Hast du schon von den wilden Pferden in Namibia gehört? Eine Herde Wildpferde lebt in der Namib Wüste in der Nähe von Aus – genauer gesagt bei Garub. Auf einer Tour in den Süden Namibias kannst du sie gut bei einem Abstecher nach Lüderitz besuchen.

Wildpferde in Namibia

Dein Besuch bei Namibias Wildpferden

Wir haben die Wildpferde in Namibia 2016 auf unserer Reise durch den Süden besucht. Leider hatten wir auf unserer Reise nur einen kurzen Aufenthalt in Lüderitz eingeplant. Sowohl auf dem Hin- als auch Rückweg haben wir einen Abstecher nach Garub gemacht und dort Stunden damit verbracht die Wildpferde zu beobachten.

Wir haben viele Besucher gesehen, die gekommen sind, ein paar Fotos gemacht haben und nach 10 Minuten wieder gefahren sind. Für einen Pferdefan wie mich, reicht das nicht. Es war so schön das Verhalten der Pferde und die Sozialstrukturen ih Ruhe zu beobachten. Außerdem haben wir viele unterschiedliche Gruppen gesehen die sich am Bohrloch abgewechselt haben.

Nimm dir Zeit die Pferde zu beobachten!

Es herrscht ein ständiges Kommen und Gehen am Wasserloch. Solltest du nicht direkt eine Herde antreffen, warte ein wenig und suche den Horizont mit dem Fernglas ab. Oft kannst du in der Ferne eine Herde entdecken und es ist nur eine Frage der Zeit bis sie am Wasserloch auftaucht. Manchmal nähern sich die Pferde nur langsam der Wasserquelle, andere widerum kommen locker angetrabt und können es kaum erwarten das Wasser zu erreichen. Manchmal muss eine Gruppe Junghengste der gefestigten Herde Platz machen oder ein einzelner Hengst wartet in der Ferne bis er an der Reihe ist und zum Wasser kommt. Spannend sind auch die Begegnungen zwischen Pferden und Oryx Antilopen. Mir scheint, dass die Pferde in der Rangordnung über den Oryx stehen und diese vom Wasser vertreiben können.
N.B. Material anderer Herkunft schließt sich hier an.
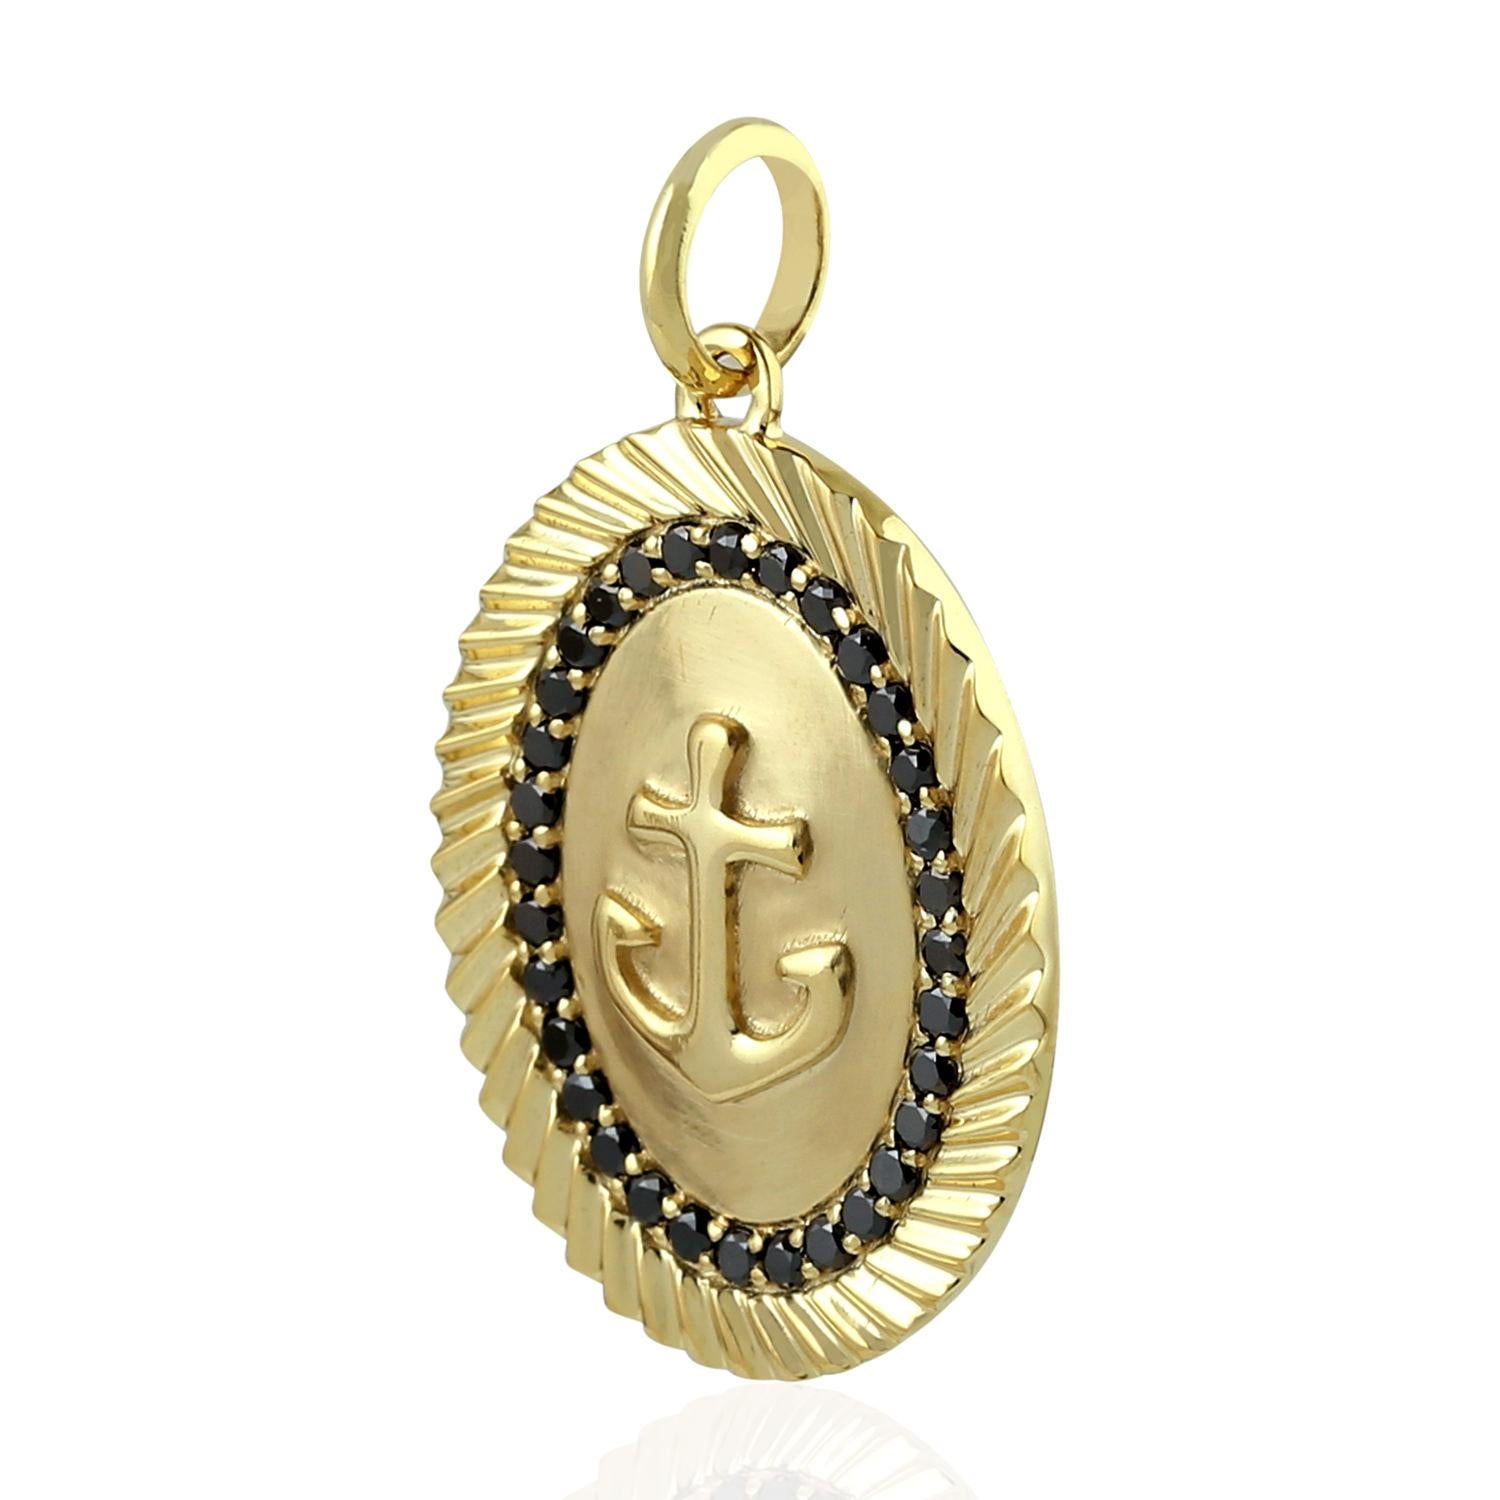 The 14 karat gold pendant medallion is set with .29 carats of shimmering diamonds. Anchor symbolizes strength.  It represents a secure and stable person. A person that is firmly grounded in their beliefs and in tune with who they truly are, hold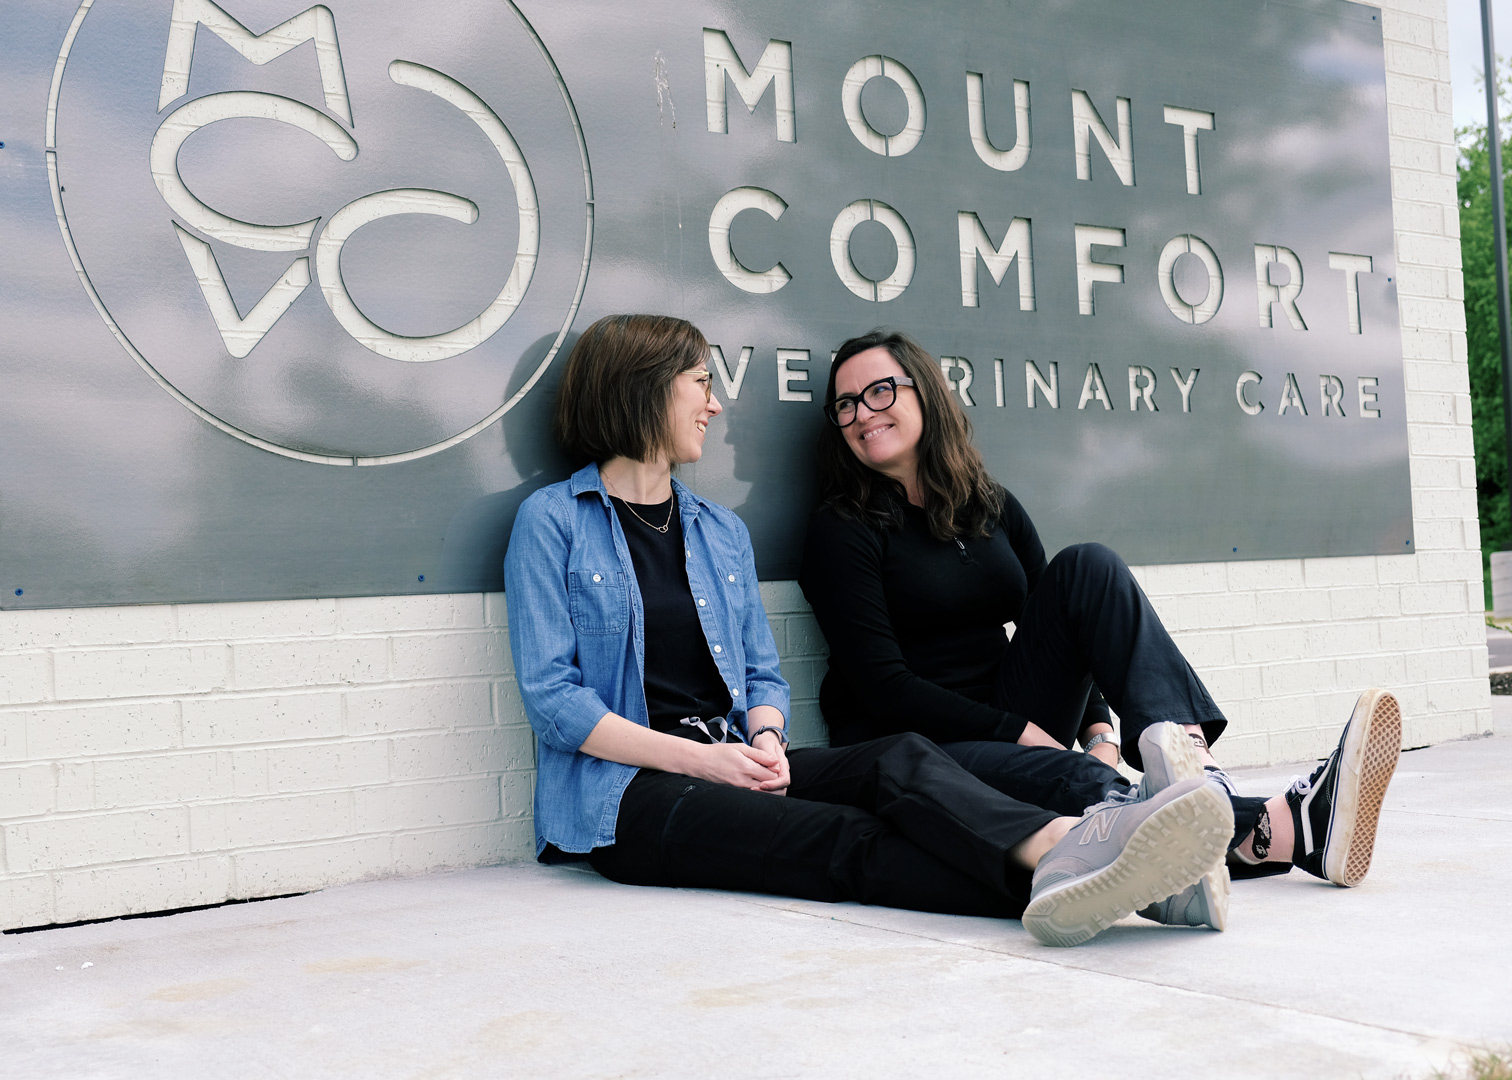 Dr. Heather Williams and Dr. Sarah Hantz sitting in front on the cut metal Mount Comfort Veterinary Care sign on the clinic wall

Meist ist es friedlich rund ums Wasser, teilweise kannst du aber auch Rangeleien und Drohgebärden sehen.

wilder Hengst Namibia

Anfahrt zu den Wildpferden

Auf dem Weg nach Lüderitz über die B4 führt 20km hinter Aus eine Schotterstraße zur Tränke der Wildpferde bei Garub. Dort befindet sich auch ein Aussichtspunkt mit Schattendach zur Beobachtung der Wildpferde.

Ausgangspunkt für deinen Besuch bei den Wüstenpferden kann zum Beispiel eine Übernachtung in Klein-Aus Vista sein. Sabine von Ferngeweht hat einen tollen Bericht über eine Wanderung in Klein Aus und ihren Besuch bei den Wildpferden geschrieben.

Alternativ kannst du auf der Strecke Lüderitz den Abzweig nach Garub nehmen um die Pferde zu beobachten und im Anschluss weiter fahren.

Auge eines Wildpferds

Meine Tipps um die Wildpferde zu beobachten:

  • Genügend Zeit und Geduld

Auch wenn die Wildpferde den Unterstand zur Beobachtung kennen und an die Autos sowie Touristen gewöhnt sind, so sind es immernoch wilde Tiere, die sich nicht dauerhaft am Wasser aufhalten. Es kann sein, dass du erstmal keine Pferde entdeckst oder sie nur in der Ferne grasen siehst. Wenn du genug Zeit hast, kannst du oft auch verschiedene Herden und Gruppen, die sich am Wasser abwechseln, beobachten.

  • Wasser, Snacks und Sonnencreme

Versorge dich mit ausreichend Wasser, einem kleinen Snack und viel Sonnencreme. Zwar spendet der Unterstand Schatten, aber es ist dennoch sehr heiß in der Wüste. Außerdem verfliegt die Zeit wie im Flug, so dass ich mehr Zeit als ursprünglich geplant bei den Wildpferden verbracht habe.

  • Fernglas und Kamera

Bring auch jeden Fall ein Fernglas mit, so dass du den Horizont nach den Pferden absuchen kannst. Eine Kamera mit großem Objektiv ist natürlich notwendig, um die Pferde zu fotografieren.

  • Verhaltet euch ruhig

Auch die Wildpferde sind wilde Tiere: Lautes Türenschlagen, klappern und Ausrufe stören einerseits die Tiere und andererseits auch andere Besucher. Wie auch an den Wasserlöchern im Etosha Nationalpark solltet ihr euch auch hier ruhig verhalten.

  • Bitte nicht füttern und nicht anfassen!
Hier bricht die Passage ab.